Mission Accomplished? No New Candidates, No Mail Ballots Either

  • 29 Comments
  • by: Colorado Pols

treachery

Colorado Springs Gazette:

Today Secretary of State Scott Gessler announced that Jan Brooks, Libertarian candidate for the State Senate District 11 recall election, failed to collect enough valid signatures to qualify for the ballot.

The Pueblo Chieftain reported this morning that a potential alternate candidate in the SD-3 recall against Sen Angela Giron, Richard Anglund, also did not submit enough signatures to reach the ballot.

What does this mean? It means the lawsuit which stopped the delivery of mail ballots to registered voters in these elections and–at least at the time–invalidated mail ballots that had already been sent to overseas military voters was pointless. It's our understanding that those already-mailed overseas ballots will count now. But a much larger problem is, mail ballots were prevented from being mailed to tens of thousands of voters…for nothing.

Folks, we can't help but strongly suspect that stopping those mail ballots from going out was the only goal here all along. It's a generally accepted fact that lower turnout and more difficult voting in these recalls, as with most elections, will favor the GOP's successor candidates.

Did Libertarians just get used to suppress the vote for the GOP, or were they willing agents?

Comments

29 thoughts on “Mission Accomplished? No New Candidates, No Mail Ballots Either

  1. This would be a masterstroke of vote suppression. 70% of voters vote by mail. Those ballots were stopped by, as it turns out, bullshit.

    A textbook dirty trick…

    1. Oh come on. The law is the law. Mail ballots violated the recall law whether there are candidates or not. Democrats need to point the finger back at themselves.

      1. Mail ballots didn't violate the law, M. Not giving other candidates the chance to get on the ballot violated an unused constitutional provision that pretty much everyone (including the Secretary of State, who raised no such objection during the crafting of the new election law) missed.

        Now that those extra candidates failed to make the ballot, the previously printed ballots should be presumed to be valid. (Under Colorado election law, the law is to be liberally construed to maximize participation of eligible voters – that's codified in the very opening part of Title 1.)

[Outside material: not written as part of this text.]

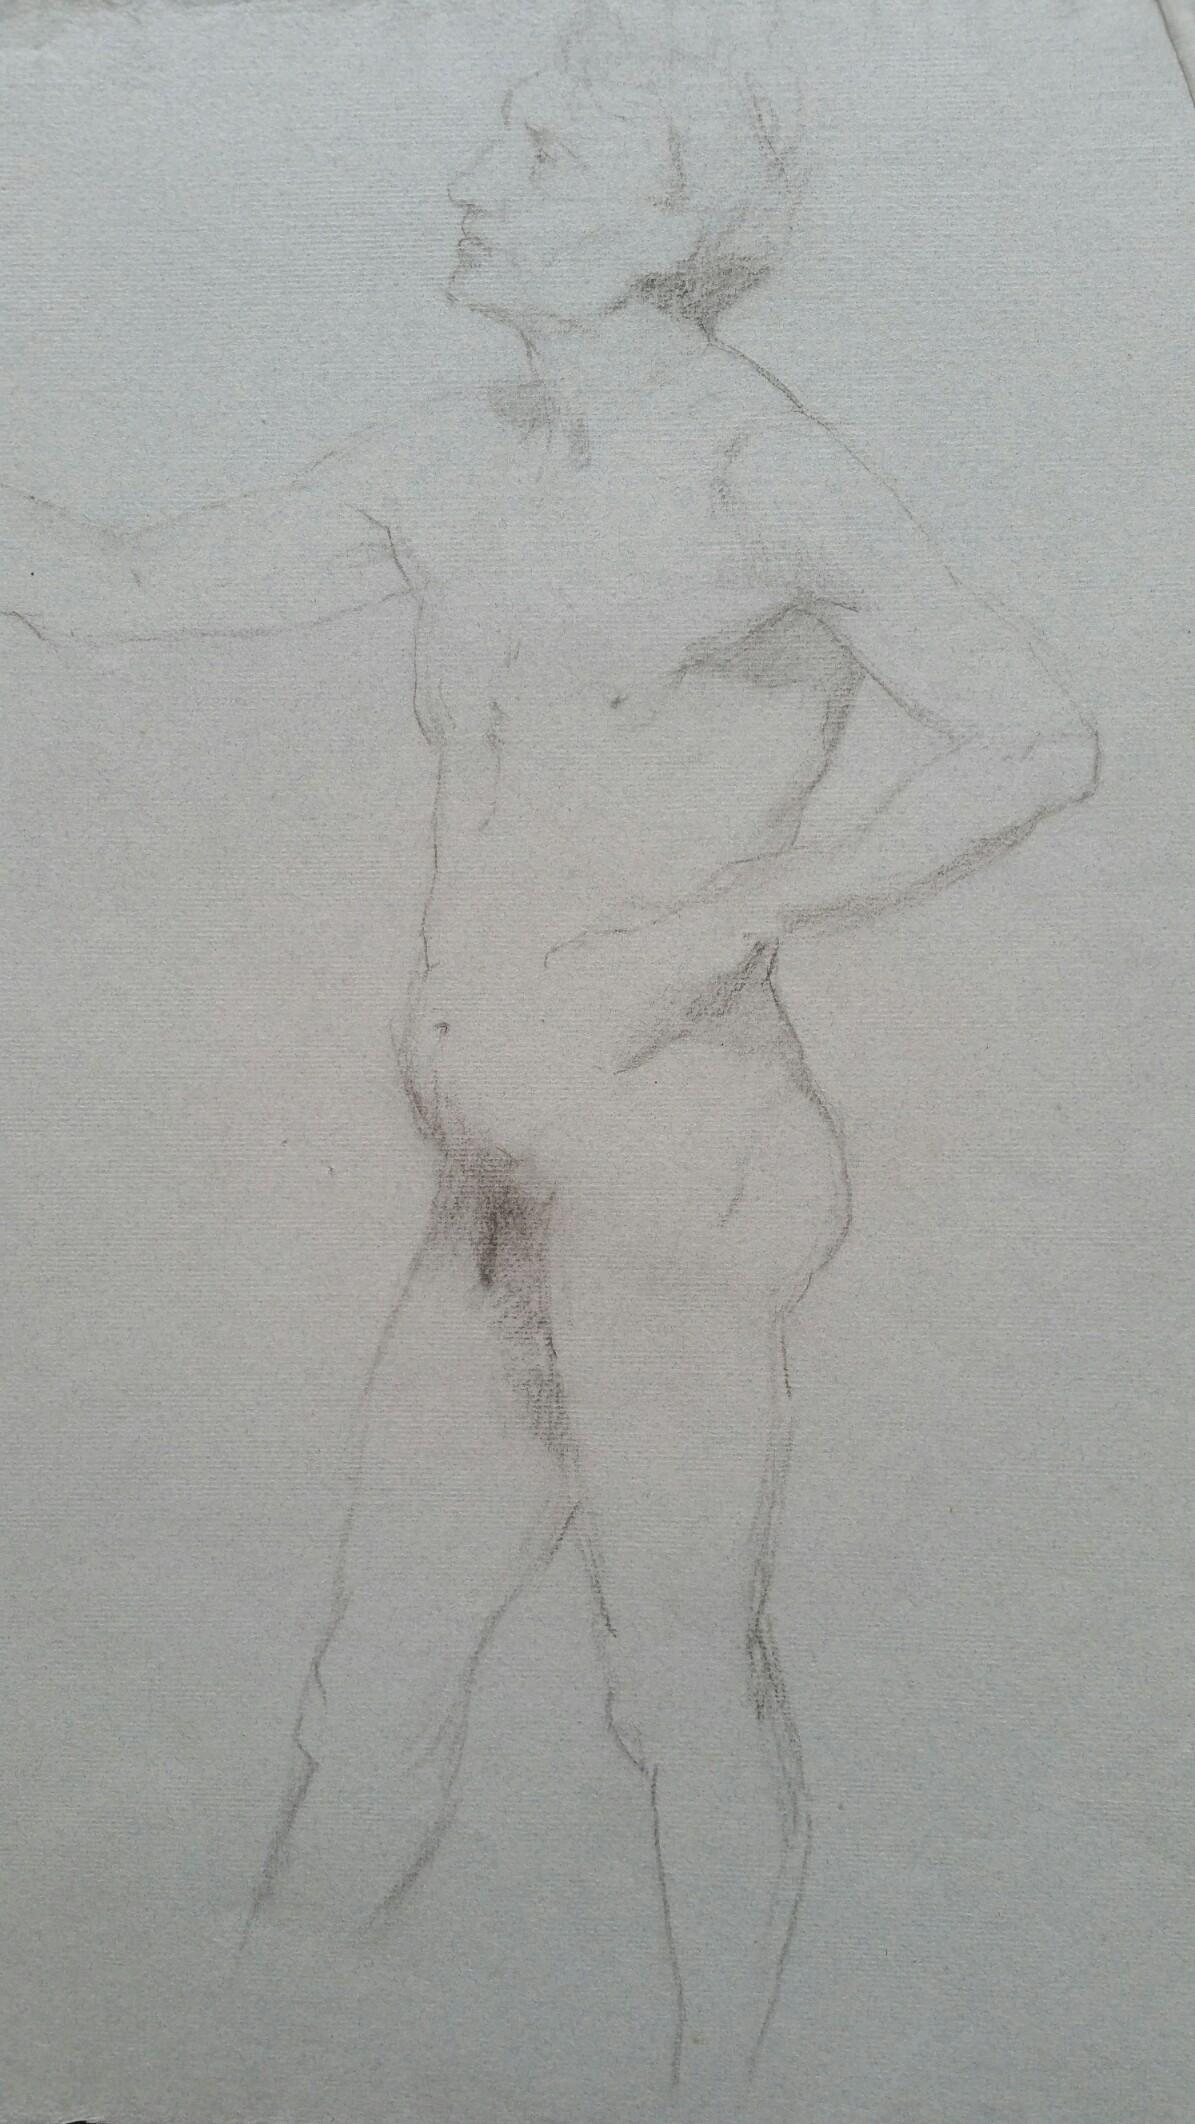 English Graphite Portrait Sketch of Male Nude, in Profile
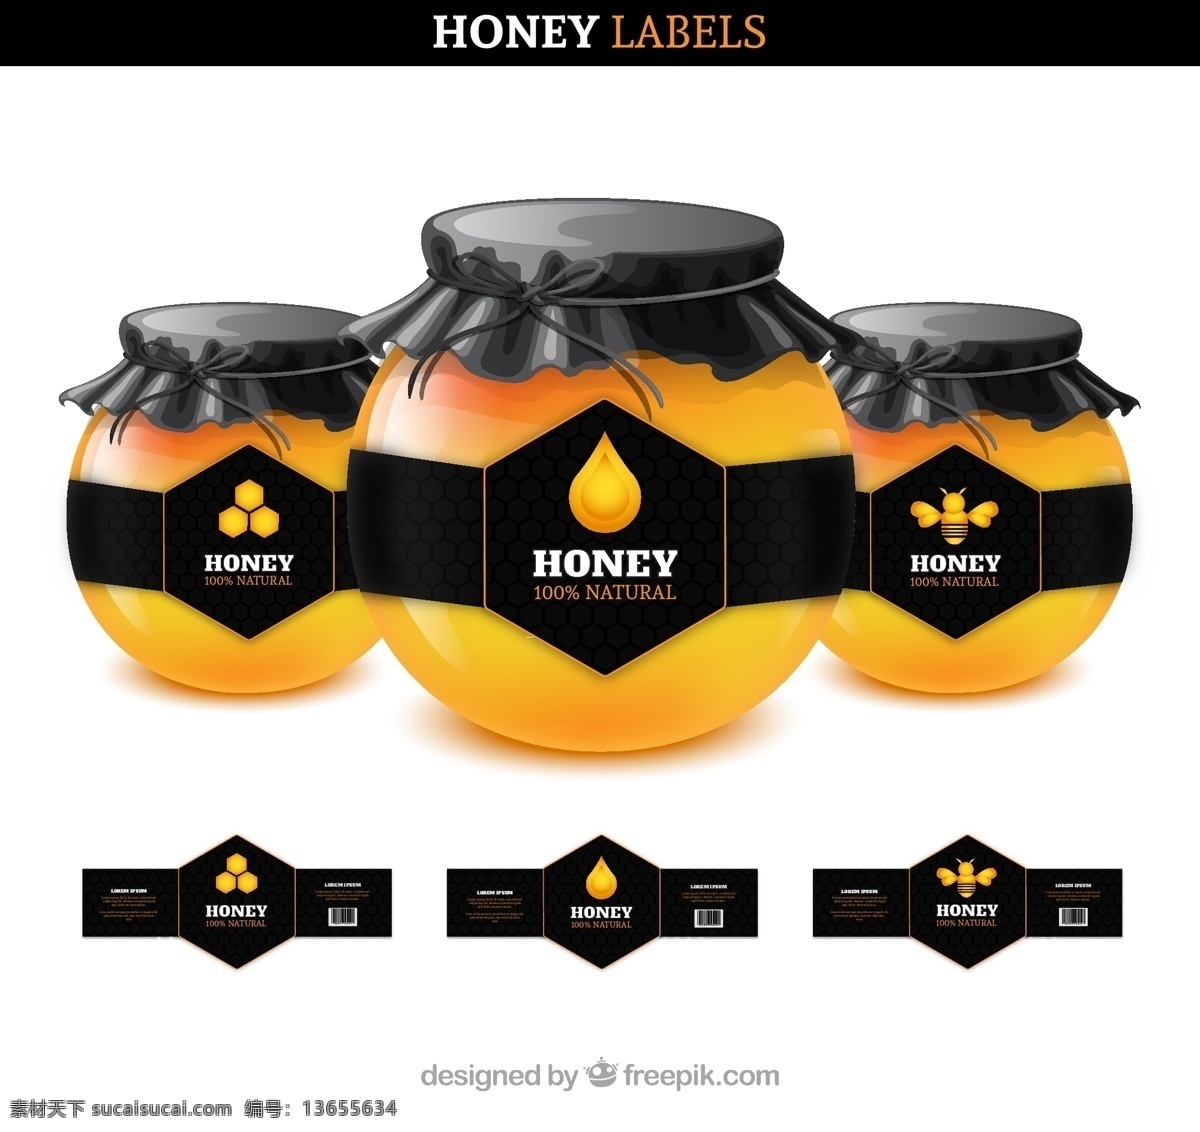 蜂蜜 蜂蜜标签 蜂蜜包装 蜂蜜盒子 蜂蜜礼盒 蜂蜜瓶 蜂皇浆 椴树蜂蜜 长白山蜂蜜 段数蜂蜜包装 蜂蜜包装设计 食品包装设计 包装设计 甜言蜜语 甜言蜜语设计 蜂巢 蜜蜂 精装蜂蜜礼盒

        1. Not only did Gessler not raise objections concerning the recall conflict this year, but last year Gessler (and El Paso County Clerk Wayne Williams) supported a Repulbican bill that passed that specifically addressed recall elections. Both urged passage because they claimed it would eliminate conflicts in different provisions for recall elections. Neither saw, or at least neither spoke about, the conflict with the Constitution. The "ten days" to petiton onto the ballot for a recall came from that 2012 law. This year's elections bill, 1303, was drafted to address other issues, and simply repeated the existing recall language that was presumed to have been cleared up adequately the previous year.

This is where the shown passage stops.